Philadelphia — Soon after KJ Muldoon was born in the summer of 2024, he was diagnosed with a rare genetic disorder that is fatal for about half the infants who are born with it.
Until now, the only effective long-term treatment for the rare metabolic disease known as severe Carbamoyl Phosphate Synthetase 1 deficiency, or CPS1, had been a liver transplant.
Instead, doctors at the Children’s Hospital of Philadelphia told KJ’s family they could try something never done before. They would use a technology known as CRISPR, a personalized gene-editing therapy, to find the one uniquely mutated gene out of 20,000 in his little body, and fix it.
KJ subsequently received three infusions of the experimental therapy to his liver earlier this year under treatment by a medical team at the hospital and Penn Medicine.

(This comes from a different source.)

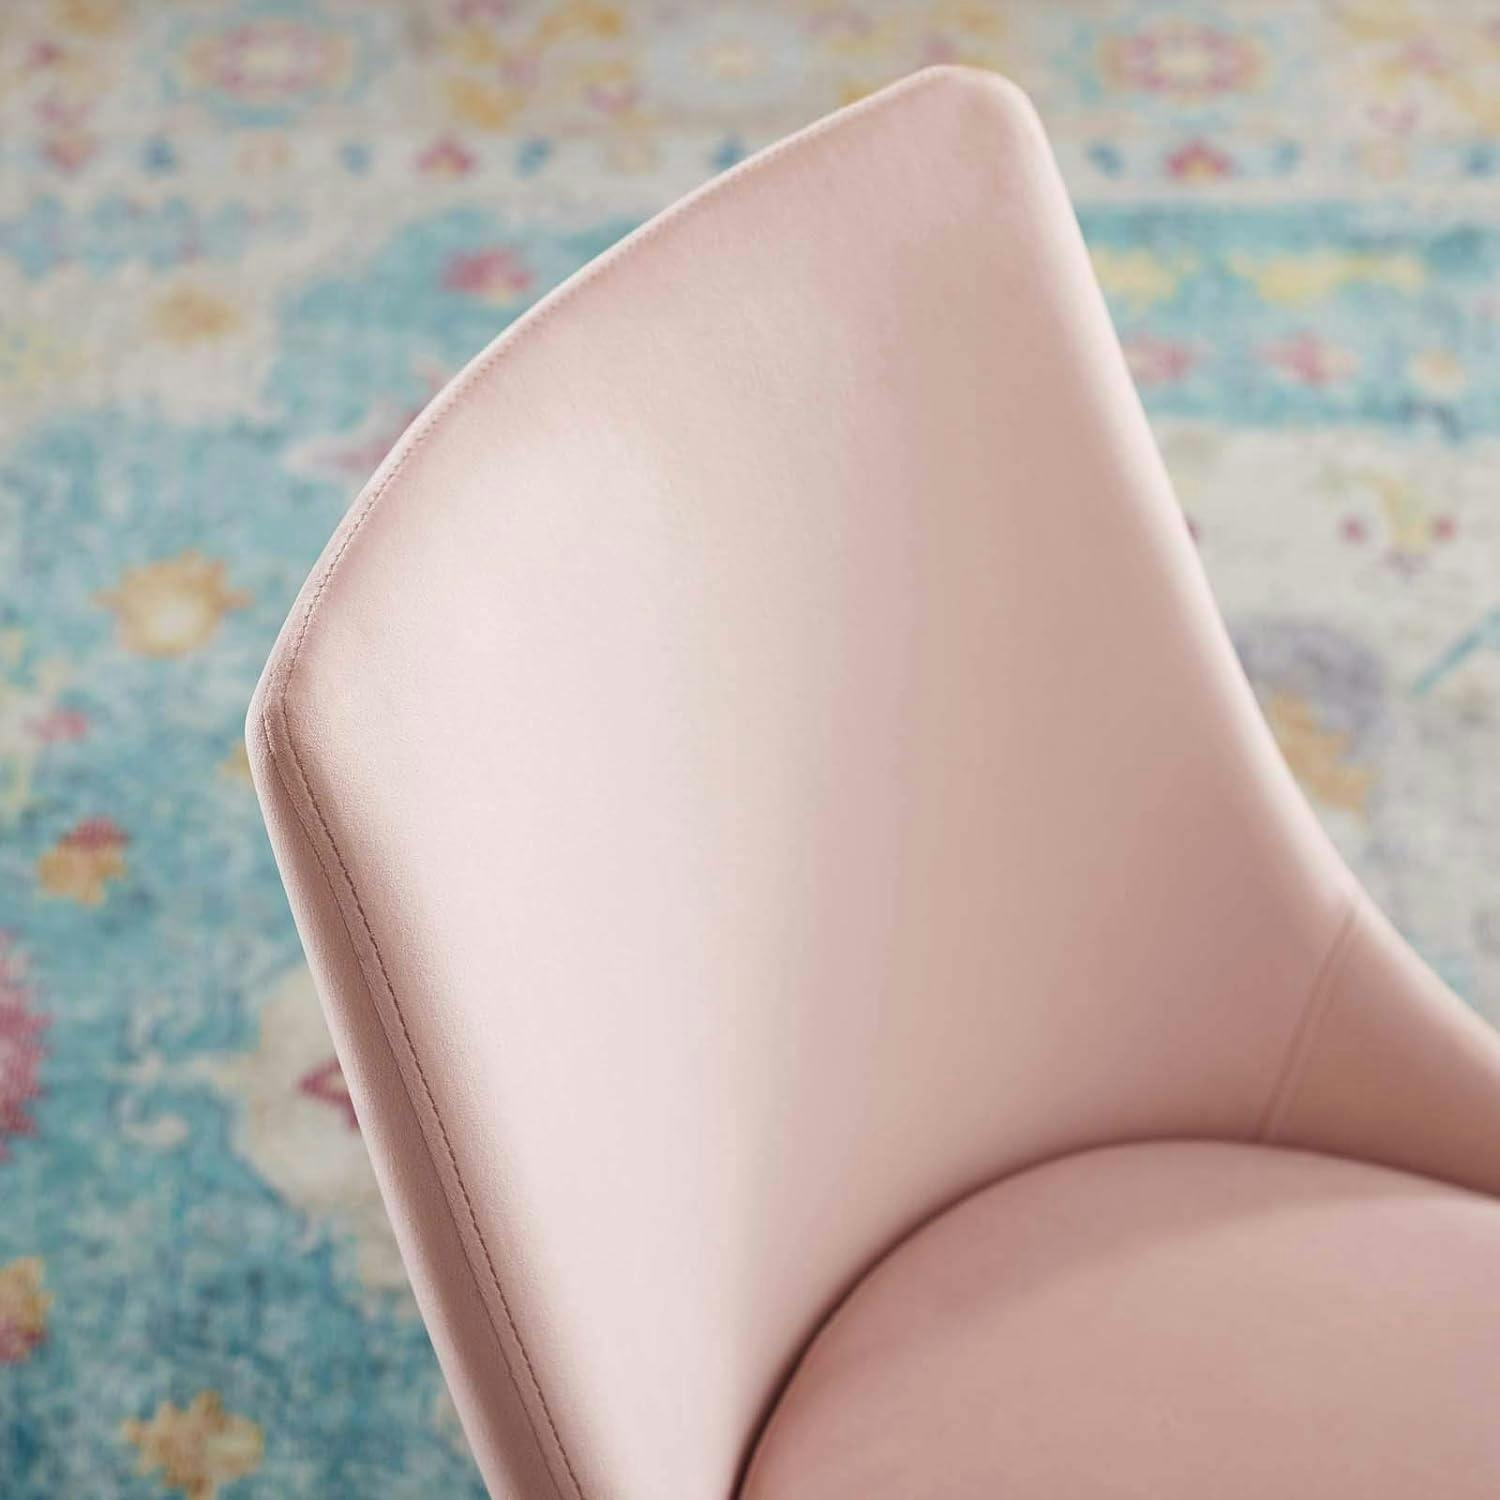 Isle Pink Velvet Upholstered Swivel Side Chair with Gold Metal Legs

He became the first known patient in the world to be treated using CRISPR personalized just for him, according to a news release from Penn Medicine. His case was published Thursday in the New England Journal of Medicine.
He has so far shown no serious side effects to the treatment, Penn Medicine said. He is still in the hospital, gaining weight and thriving. He will turn 1 in August.

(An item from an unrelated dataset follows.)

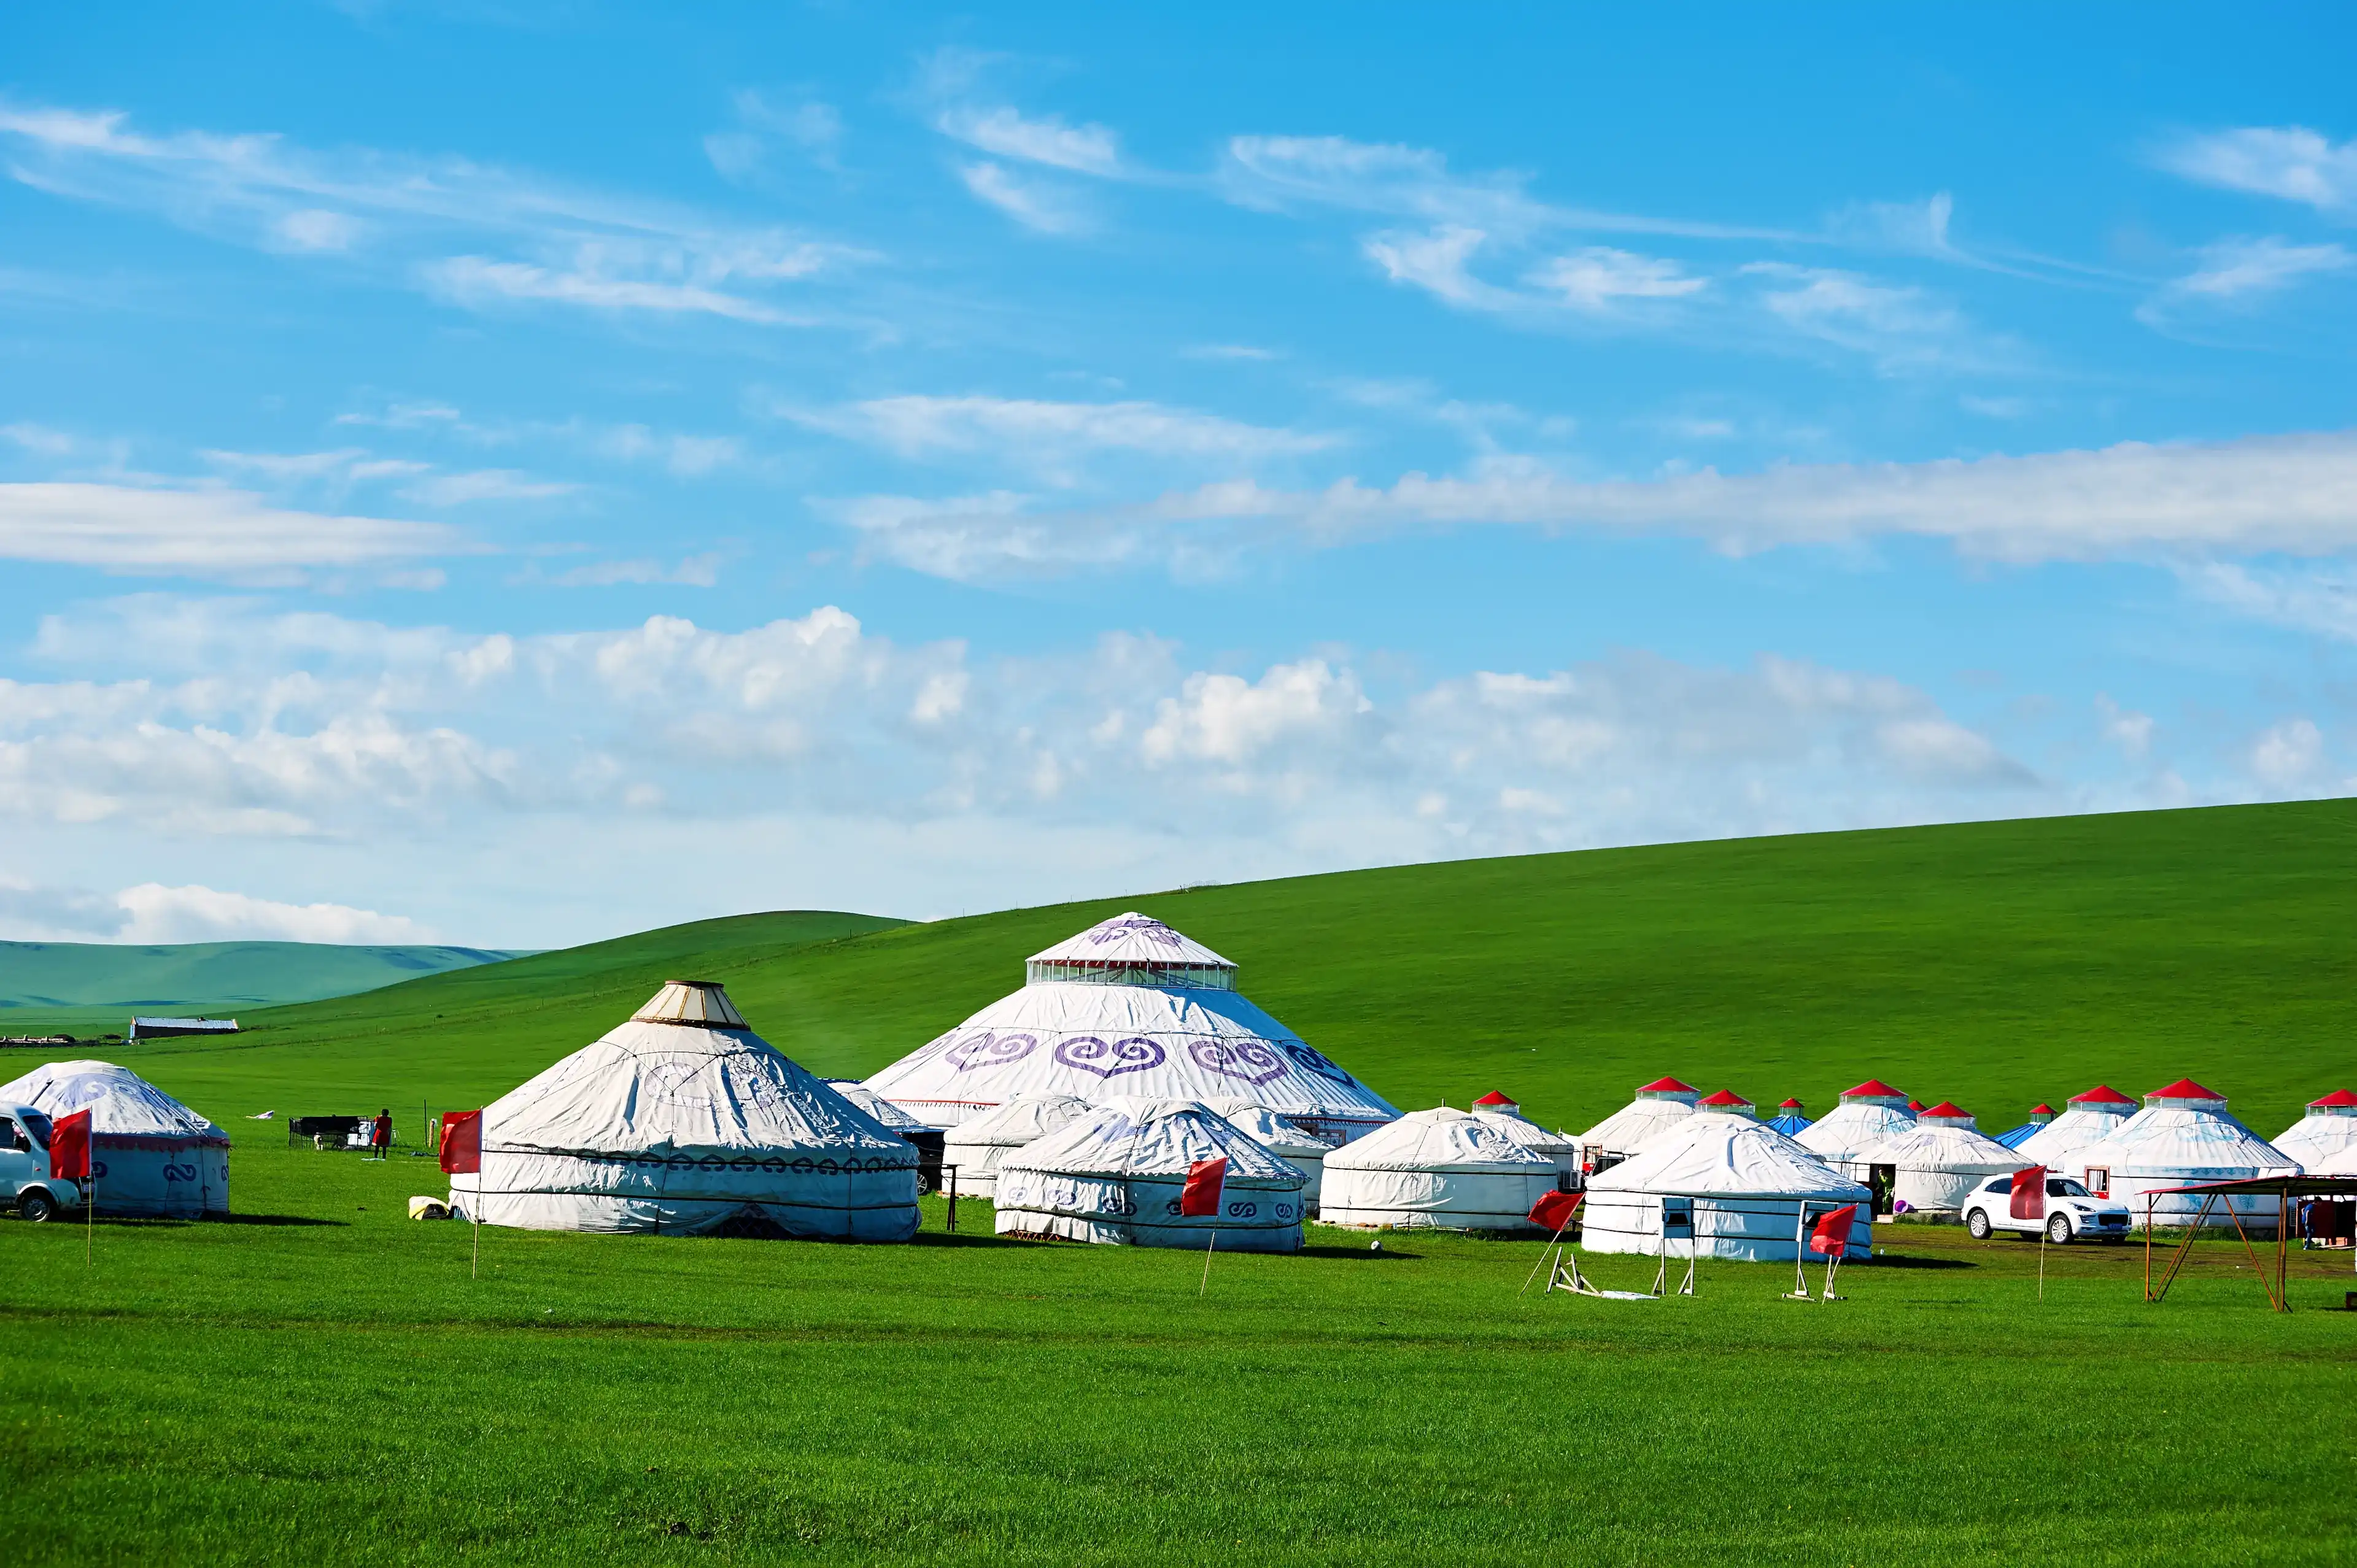 Mongolia yurts in the summer grassland of Hulunbuir, Inner mongolia, China

“While KJ will need to be monitored carefully for the rest of his life, our initial findings are quite promising,” Dr. Rebecca Ahrens-Nicklas, director of the Gene Therapy for Inherited Metabolic Disorders Frontier Program at Children’s Hospital of Philadelphia, said in a statement.
“Now, when I get to hold him, and he’s laughing and jumping around, that is a very heartwarming, because I didn’t know if that was going to happen, at one point,” his mother, Nicole Muldoon, told CBS News in an interview over Zoom Thursday.
According to Penn Medicine, CRISPR — which stands for clustered regularly interspaced short palindromic repeats — can “precisely correct disease-causing variants in the human genome.” The researchers cautioned that although personalized CRISPR treatment is in its early days, the technology could potentially one day serve to address other rare genetic disorders.
“This is mind-blowing and we should all be very, very excited,” said Dr. Brian Brown, a bioengineer and immunologist who serves as director of the Icahn Genomics Institute at the Icahn School of Medicine at Mount Sinai in New York City.
“We are at day one of, you know, the future of how we are going to treat different diseases,” Brown said. “…We may have, potentially, treatments for horrible diseases children may be born with.”